でも大した感じでも無さそうかなと思いつつ、レンゲでスープを一口啜る私であった。ところがこれがもう、「なんですと」と言う美味しさ。

もう、旨い×12が炸裂するダイナミックレンジと言えた(かなり判り辛い)。厚手のチャーシューに手をつければ、またこれがとても良く、肉肉しい感じの怒涛の美味しさが口内に沁み渡った。

さてこのスープの味の組み立て方といい、ハロゲンビームといい、センスのあるBGMといい、これはやはり多分、最近は行っていないがZUND-BER系に違いない。

いや、そうに決まっている(おいおい)。店主らしき方に迷惑がられない時を見計らって、それはさりげなく「ZUND-BER系ですよね?」と小声で尋ねてみた。

するとこれが当たっていて、面目躍如で胸を撫で下ろす私だった。しかし今思えば、単に合わせてくれたのかも知れない。

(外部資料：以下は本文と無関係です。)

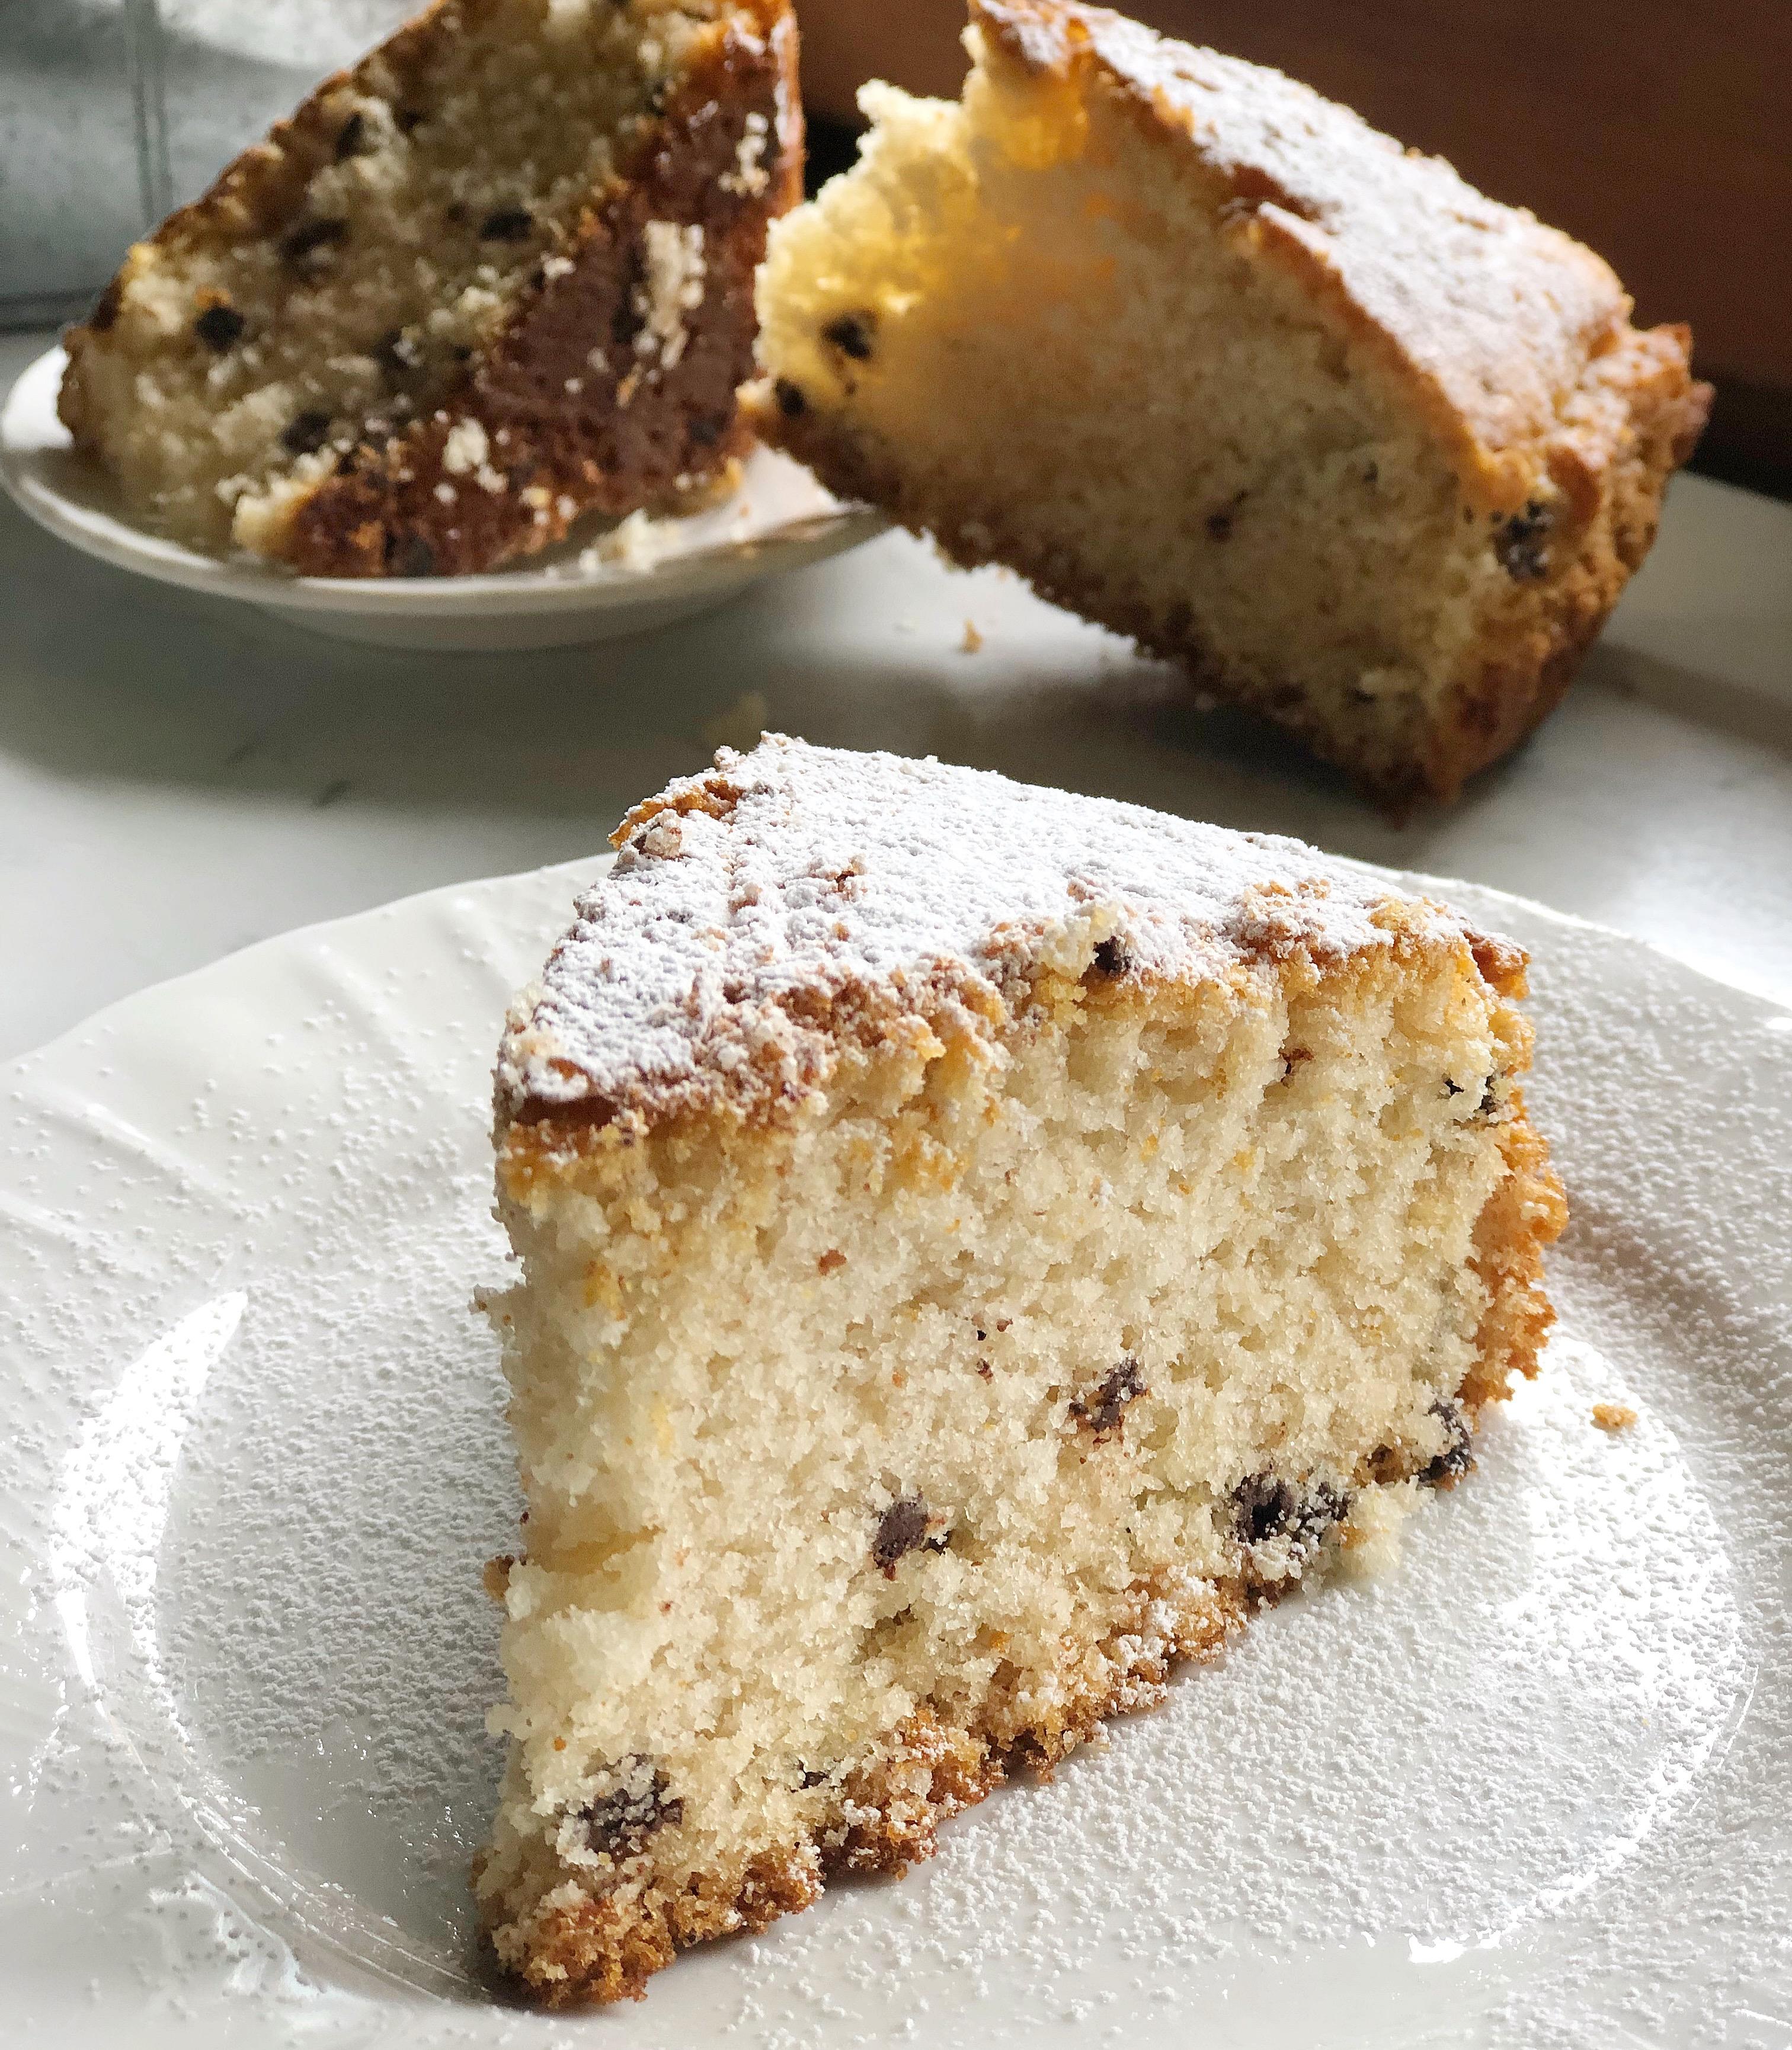 La Torta Vegana con Gocce di Cioccolato, adatta a tutti, golosa e leggera di dolci senza burro

厨房に埼玉県三芳町にあるカネジン食品東京工場の箱が見えた。

麺はそのカネジンの良い所がとてもよく現れており、麺茹での力量がまたさすがなお店とも言え、これであればつけ麺もさぞかし良い事だろう。

前後するが、この系統的なラーメンと認識して食べ進めた次第だが、煮干し感がどうにも東池袋の息吹を感じ、タマネギも入っているがその刻み加減がまたざっくりと粗くやや大粒なもの。

それはまるで竹岡の梅乃家も思い出すラーメンだった。千葉県在住で大勝軒好きな人間としては、この上ないその良さを感じ取れたラーメンとなった。

すると、店主は何と大勝軒系でも修行経験があるそうで、千葉県木更津市出身で梅乃家もよく知っている事を教えて頂き、思わず即座に納得出来たものだった。

木更津のお婆ちゃんが、自分の事をオラと呼ぶ事から、今回ご自分の店の店名に親しみを感じて頂けるよう、この店名にしたそう。

世知辛いこの世の中に、素晴らしい名付け方と言えた。気が付けば完食。いや、ズバッ!と、ズドン!と、これが良かった。